Porto is Portugal’s second largest city and the capital of the Northern region.
In the middle of coastal Portugal from Porto to Lisbon and further to the south, the landscapes are calmer, and you can meet the extremes – resort towns, which are absolutely deserted in the off-season.
Living in Porto is very good but it also depends on your location. Near the coast the cost of living is high but you get amazing beach or river vibe.
Tipically they’re warm people, usually nice to each other and pretty decent in English if you can’t speak Portuguese.
There is a lot of culture, scenery and tourism to keep you entertained and motivated about living there.
Warnings & Dangers in Porto
OVERALL RISK : MEDIUM
Overall, Porto is mostly safe to travel to. Its crime rates are low as in other major European cities, and pickpockets are the biggest concern you'll have to deal with while on a holiday there. Have your wits with you and be vigilant at all times.
TRANSPORT & TAXIS RISK : LOW
Transportation and taxi services are very reliable and safe in Porto. Watch out for pickpockets in public transportation and avoid entering empty metro carriages.
PICKPOCKETS RISK : MEDIUM
There is a high risk of encountering a picpocket, since this is a top tourist destination. You should be extremely careful when it comes to your valuables, keep them safe in your accommodation or at least don't carry them all in one place. Be especially vigilant on public transportation.
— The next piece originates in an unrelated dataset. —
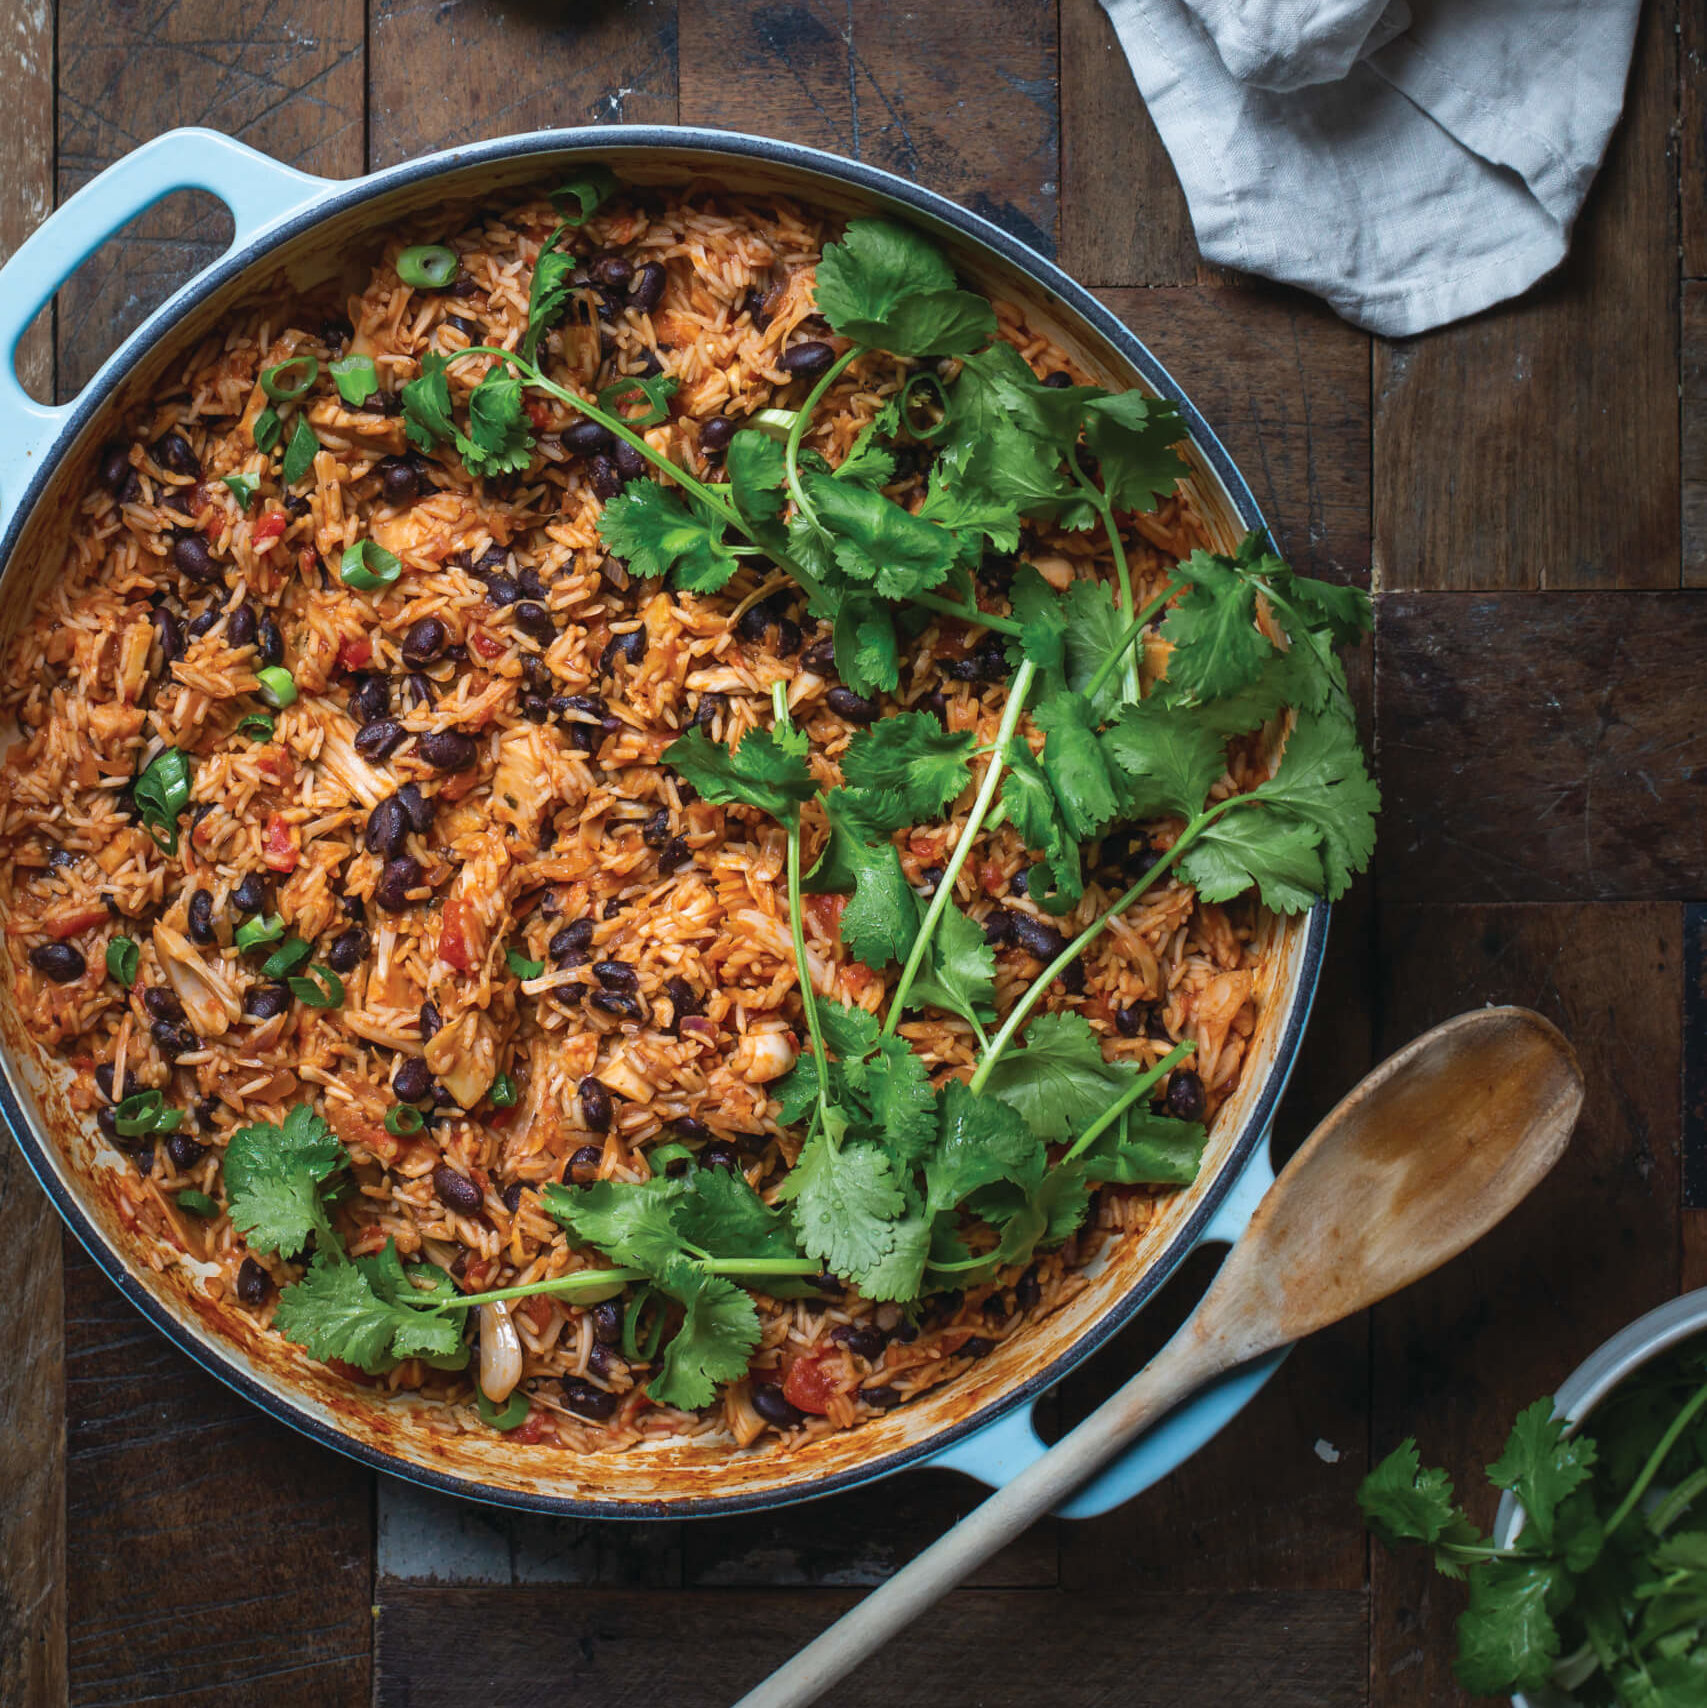 Amanda Logan's vegan one-pan Mexican Jackfruit and Rice

NATURAL DISASTERS RISK : LOW
There are no serious threats when it comes to natural disasters in Portp. Occasional floods have been a recurring natural disaster the last century, followed by earthquakes, but those are unlikely to happen.
MUGGING RISK : LOW
When it comes to mugging, it is not common, though there is a certain degree of risk when it comes to this issue. You should avoid empty, deserted or poorly lit streets, and in such an occasion, hand over your possessions immediately and never resist.
TERRORISM RISK : LOW
Although there haven't been any terrorist attacks in Porto's recent history, they shouldn't be ruled out, so be aware of your surroundings at all times.
SCAMS RISK : MEDIUM
As in any tourist destination, and especially a top tourist destination such as Porto, there is a heightened risk of getting scammed. Check every change twice, negotiate everything beforehand and never give your money before you receive the service you're paying for.
WOMEN TRAVELERS RISK : LOW
Porto is, in general, very safe for women traveling solo. Apart from a few precaution rules you should apply in order to minimize your chances of something going wrong, if you avoid poorly lit and deserted streets and follow your common sense, your trip should go smoothly.
So... How Safe Is Porto Really?
Porto is very safe to visit, and though it’s not without its dangers, some basic precaution rules might save your trip.
Violent crime rates are pretty low, including conflicts, gang related crime or drug issues, and all violent crime is generally related to particular neighborhoods.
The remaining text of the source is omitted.